Later all of this blather will be edited out, so the clip that will be repeated hundreds of times on television will begin here, paused, as the news puts a small red circle around a woman sitting on a park bench on the right side of the screen. “This appears to be the perpetrator,” the anchor says. She’s white-haired, probably sixty, sitting there reading a book, in no way unusual, like an extra in a movie, filling out the frame. She’s wearing a light blue shirt over a tank top, black leggings that look elastic and yoga-inspired. Her short hair is tousled and falls in little spikes over her forehead. She seems to have an athletic compactness to her—thin but also muscular. She notices what’s happening around her. She sees the governor approaching and closes her book and stands and watches. She’s on the edge of the frame seemingly trying to decide what to do. Her hands are on her hips. She’s biting the inside of her mouth. It looks like she’s weighing her options. The question this pose seems to ask is: Should I?

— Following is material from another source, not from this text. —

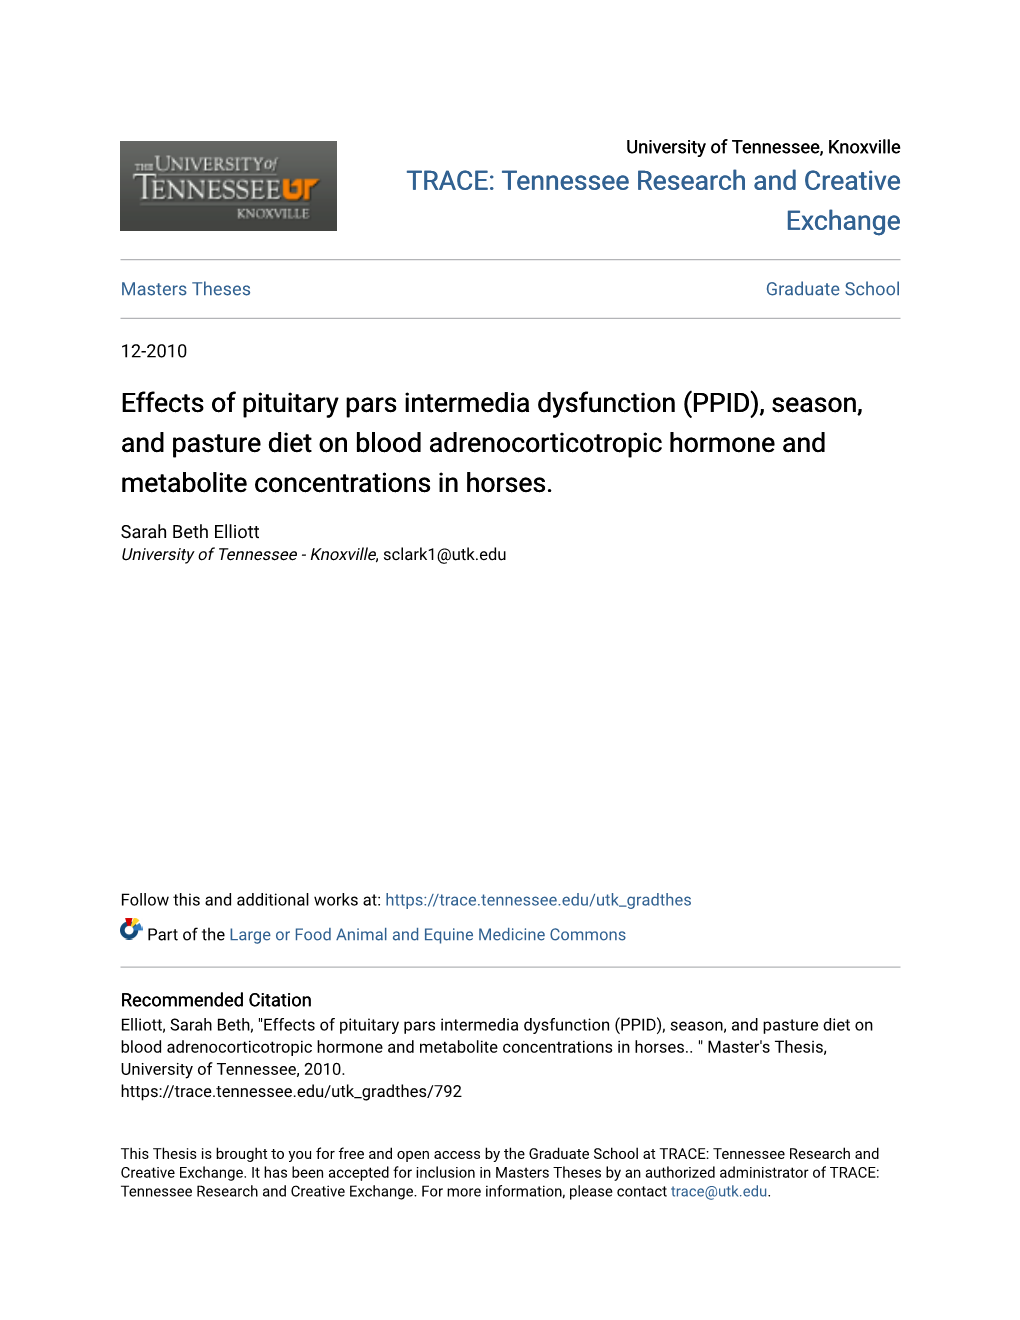 PPID), Season, and Pasture Diet on Blood Adrenocorticotropic Hormone and Metabolite Concentrations in Horses

Then she starts walking, quickly, toward the governor. She has discarded her book on the bench and she’s walking, taking these large strides like suburbanites doing laps around the mall. Except her arms stay steady at her sides, her fists in balls. She gets close enough to the governor that she’s within throwing range and, at that moment, fortuitously, the crowd parts, so from the vantage point of our videographer there’s a clear line of sight from this woman to the governor. The woman stands on a gravel path and looks down and bends at her knees and scoops up a handful of rocks. Thus armed, she yells—and this is very clear, as the wind dies down exactly at this moment and the crowd seems to hush, almost as if everyone knows this event is going to happen and so they all do what they can to successfully capture it—she yells, “You pig!” And then she throws the rocks.

At first there’s just confusion as people turn to see where the yelling is coming from, or they wince and flinch away as they are struck by the stones. And then the woman scoops another handful of rocks and throws, and scoops and throws and scoops and throws, like a child in an all-out snowball war. The small crowd ducks for cover and mothers protect their children’s faces and the governor doubles over, his hand covering his right eye. And the woman keeps throwing rocks until the governor’s security guards reach her and tackle her. Or not really tackle but rather embrace her and slump to the ground, like exhausted wrestlers.

And that’s it. The whole video lasts less than a minute. After the broadcast, certain facts become available in short order. The woman’s name is released: Faye Andresen-Anderson, which everyone on the news mistakenly pronounces as “Anderson-Anderson,” making parallels to other infamous double names, notably Sirhan Sirhan. It is quickly discovered that she is a teaching assistant at a local elementary school, which gives ammunition to certain pundits who say it shows how the radical liberal agenda has taken over public education. The headline is updated to TEACHER ATTACKS GOV. PACKER! for about an hour until someone manages to find an image that allegedly shows the woman attending a protest in 1968. In the photo, she sits in a field with thousands of others, a great indistinct mass of people, many of them holding homemade banners or signs, one of them waving high an American flag. The woman looks at the photographer drowsily from behind her big round eyeglasses. She leans to her right like she might be resting against someone who’s barely out of frame—all that’s visible is a shoulder. To her left, a woman with long hair and an army jacket stares menacingly at the camera over silver aviator shades.